Record Demand for School Places But There's No National Roll Call - Hayes

Fine Gael

FG propose setting up primary school pupil database

Fine Gael Education Spokesman, Brian Hayes TD, has today (Friday) proposed setting up a central database for all primary school children that would be identical to the one used in second level and enable the Department of Education to monitor the progress of children through school, track attendance levels and plan for future enrolment needs.

The Central Statistics Office (CSO) predict that if immigration trends continue, there will be a demand for 10,000 additional primary school places each year over the next 4-5 years, but the Department is still operating in an archaic fashion with no centralised method of tracking pupils in the system.

"It is frankly not good enough that, in 2008, the Department of Education has no means of monitoring children's progress through primary school and cannot even provide the most basic information about class size until the end of each school year.

"As it stands primary schools are still tracking attendance with old-fashioned roll books with this information only stored locally in each school.

"The National Education Welfare Board (NEWB) monitors attendance levels independently and they estimate that there is a major problem with 47,000 primary school pupils missing more than 20 days a year. Every primary school student misses on average of 10 days in the school year. However, in the most disadvantaged urban areas, the average absence is 17 days per student. The NEWB is under-resourced and under-funded so a centralised database would assist them in tackling truancy.

"Fine Gael wants to see a centralised primary pupil database established immediately that would track each and every child in primary school.
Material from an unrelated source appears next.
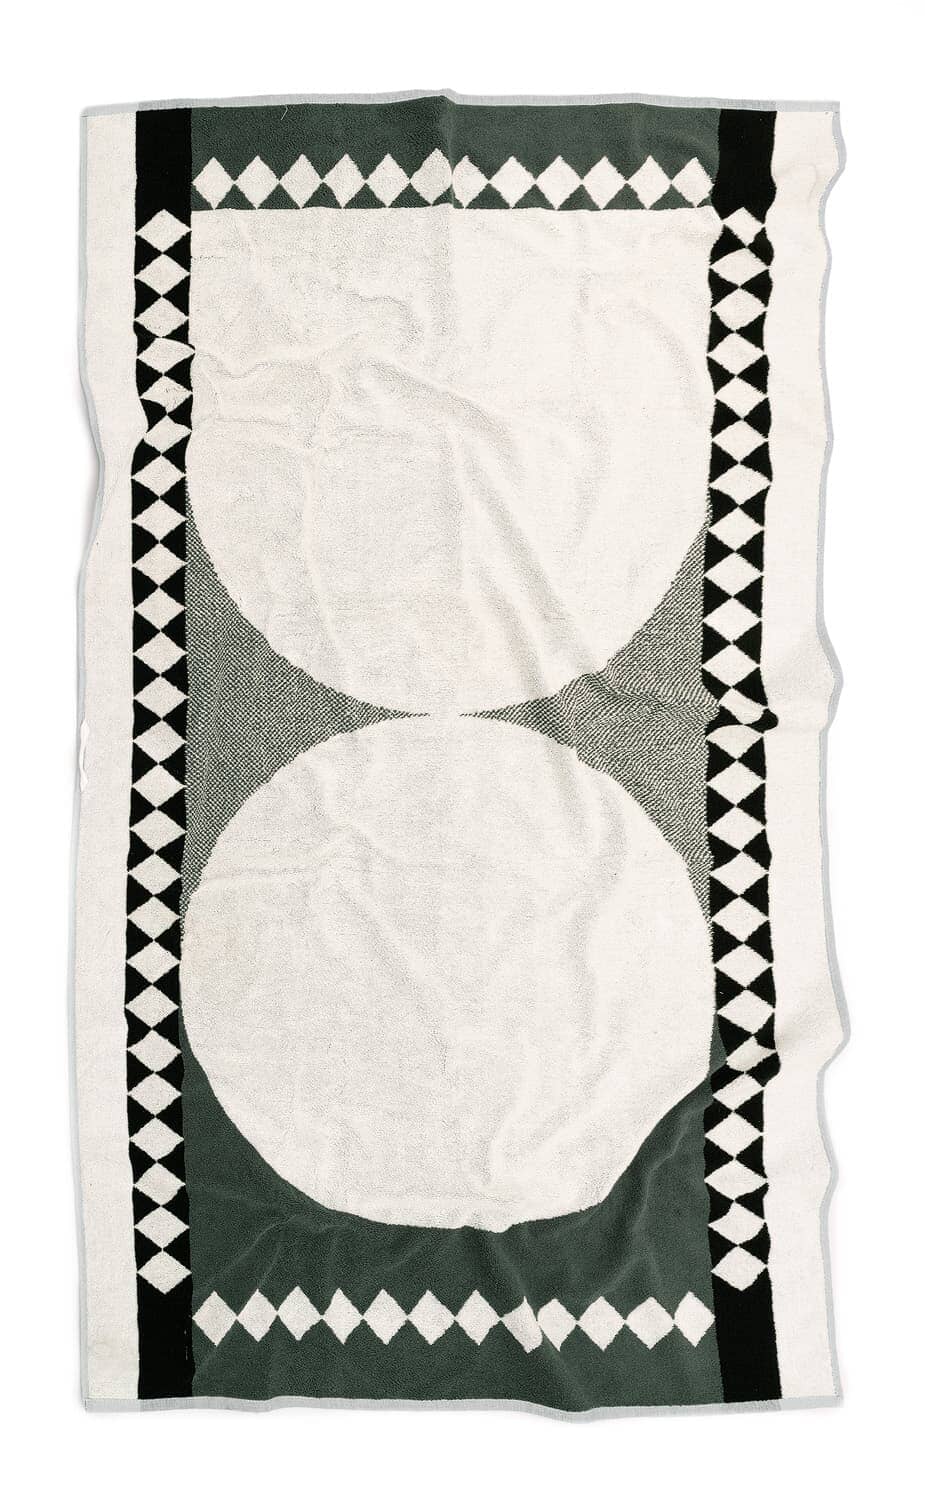 Studio image of back of diamond green beach towel

A similar system has been in existence at second level for a number of years and with improvements in IT, this should be quite easy to put in place at primary level.

"The benefits of such a database would be wide-ranging and include:

  • Track attendance nationwide, thereby easing pressure on the National Educational Welfare Board (NEWB) and dealing with truancy more effectively
  • The database could be developed as a useful resource to monitor issues affecting health and social and family affairs - speech and language services, poverty issues, special needs etc.
  • Allow for identification of areas where services and/or funding should be targeted for students who need it most
  • Track the movement of children between schools
  • Identify planning needs and building priorities for the Department
  • Help to address the problem of early school leaving amongst Traveller children and other categories of students most at risk."